For their part, La Stampa says the 2019 budget deficit will come in “around 2%”. That’s better than what Salvini has previously suggested. 10Y yields have come off pretty dramatically from recent highs as the relief rally gathers steam:
Some of this is likely a squeeze. The charts below suggest folks are short BTPs, or at least according to JPMorgan. The chart in the left pane shows open interest diving in June as everyone unwound longs following the late-May selloff and then being rebuilt to its highest levels of the year. What you see in the right pane is a proxy for net speculative positioning. Basically, JPMorgan multiplies the change in open interest by the sign of futures prices. So, for instance, if prices are falling and there’s a sharp increase in open interest, it likely reflects folks building short positions.
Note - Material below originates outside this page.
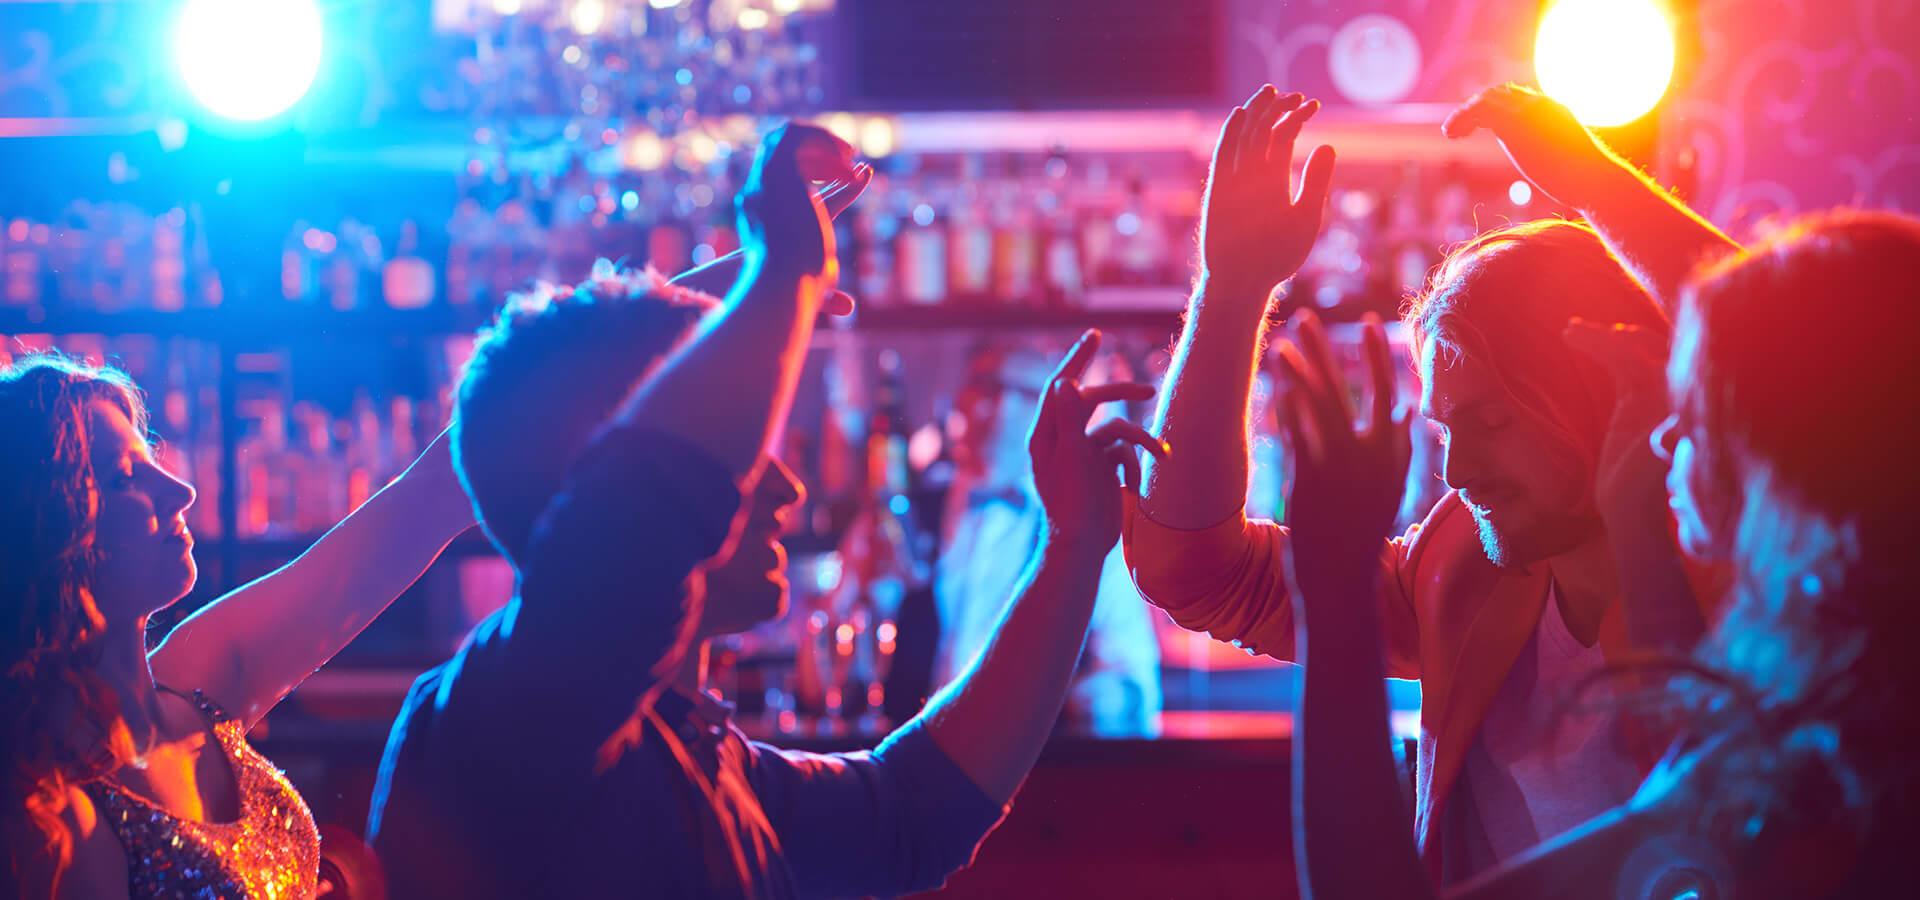 drinks-dancing-fun.jpg

This isn’t foolproof, but rather rests on intuition, which in this case is probably a safe bet.
Goldman weighed in on contagion risk to the rest of Europe earlier this week. “We find most European assets have become more correlated to the BTP -Bund spread but while some re-pricing has happened already, sensitivities remain low and more limited to Italian assets”, the bank wrote, in a note dated Monday, before adding that “FTSE MIB underperformance vs. EURO STOXX 50 has been much more sensitive to BTP spreads in 2018 compared to the sovereign crisis suggesting Italian equity is largely bearing the brunt of the current market turmoil.”
Whatever the case, nobody is out of the woods on this quite yet. Conciliatory rhetoric is nice to the extent it keeps the situation from deteriorating ahead of the actual budget announcement, but it remains to be seen whether Salvini will push the issue in the weeks ahead.
Any further clash between Italy and Brussels on immigration would only add to the tension.